Gosar’s office did not respond to a HuffPost request for comment on why he felt compelled to post the white nationalist group’s slogan ― especially since immediately after his controversial speech to the organization, he made a somewhat half-hearted effort to distance himself from it...

Rep. Liz Cheney (R-Wyo.) was one of the few Republicans in Congress who spoke out against Gosar, telling Politico: “I think the organization that [Gosar] spoke to is one that has expressed views that are clearly racist … This is not the kind of an organization or an event that other members of Congress should be participating in.”

HuffPost last week reached out to the offices of seven prominent Republican lawmakers to see if they’d denounce Gosar for speaking at Fuentes’ white nationalist conference in Florida. None responded.

And a very lengthy profile of "Stop the Steal" organizer Ali Alexander: How Republican Politics (And Twitter) Created Ali Alexander, The Man Behind ‘Stop The Steal’
 
Recent update from the investigation into Jan 6th participants:

Prosecutors disclosed the NCIS investigation results in part to rebut a letter of support from one of Hale-Cusanelli’s supervisors at NWS Earle, Sgt. John Getz, submitted by defense lawyers to support Hale-Cusanelli’s release on bond. In a two-page letter, Getz told the court that he was “appalled at how [Hale-Cusanelli] was slandered in the press in regards to him being a ‘white supremacist.’"

“I have never known him to be this way. I know that our co-workers would agree,” Getz wrote, adding “Never have I seen Mr. Hale treat any of his African-American co-workers differently than anybody else, nor have I heard any distasteful jokes or language leave his mouth.”
Oh, maybe this poor bloke was just misrepresented and misunderstood...
But prosecutors say Getz’ letter contradicts his own statements to NCIS investigators about Hale-Cusanelli’s conduct.

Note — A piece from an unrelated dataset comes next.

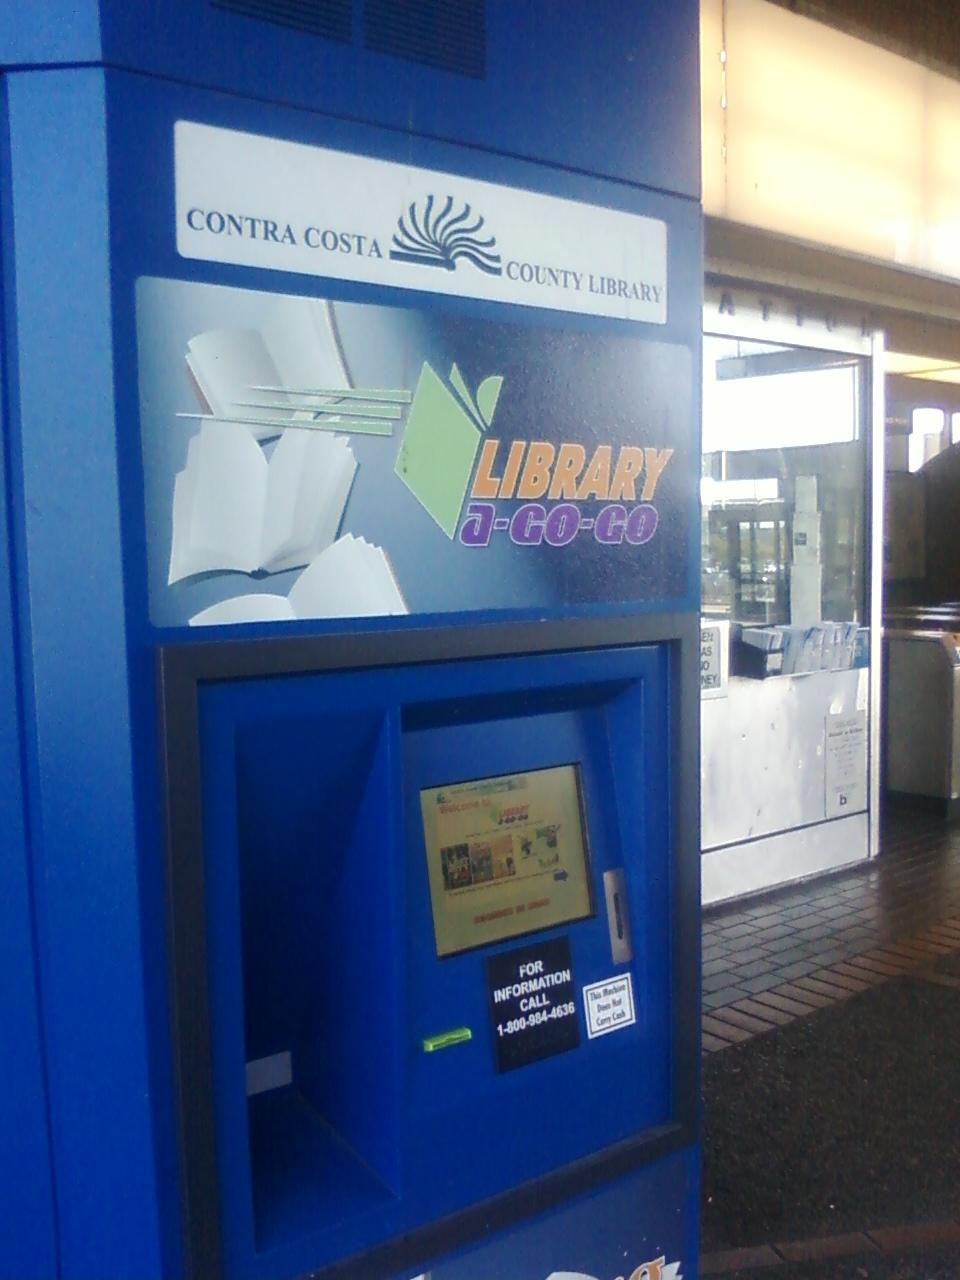 libraryagogo.jpeg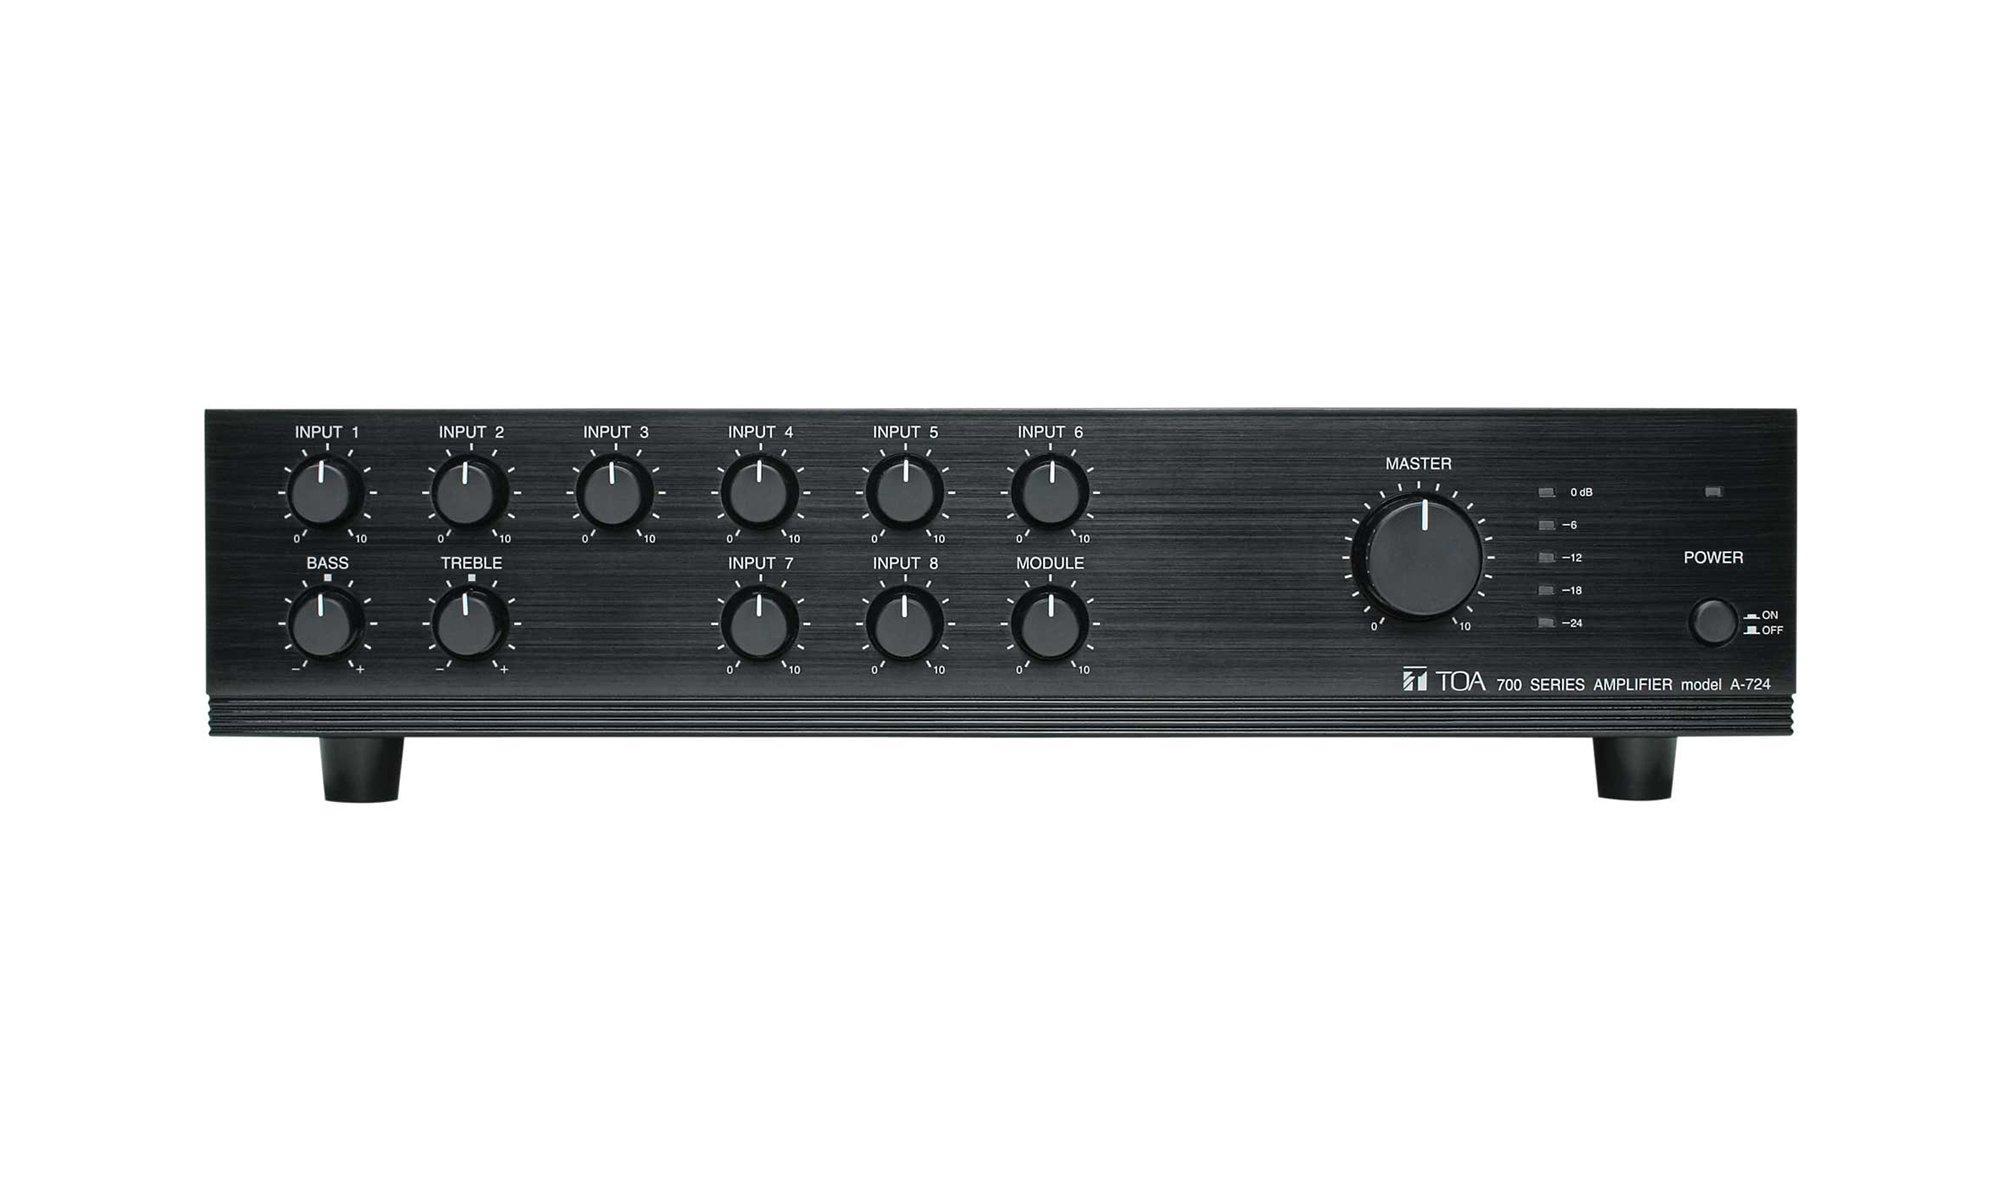 240W Mixer / Amplifier

Getz told NCIS that Hale-Cusanelli “would make racial jokes and wouldn’t be quiet about it.” He said he knew Hale-Cusanelli was a Nazi sympathizer and Holocaust denier but that “nothing about Hale-Cusanelli’s statements struck him as dangerous.”

Getz also recalled that Hale-Cusanelli would “walk up to new people and ask ‘You’re not Jewish, are you?’”

“He described Hale-Cussnelli’s demeanor as ‘joking but not,'” according to the summary of the report.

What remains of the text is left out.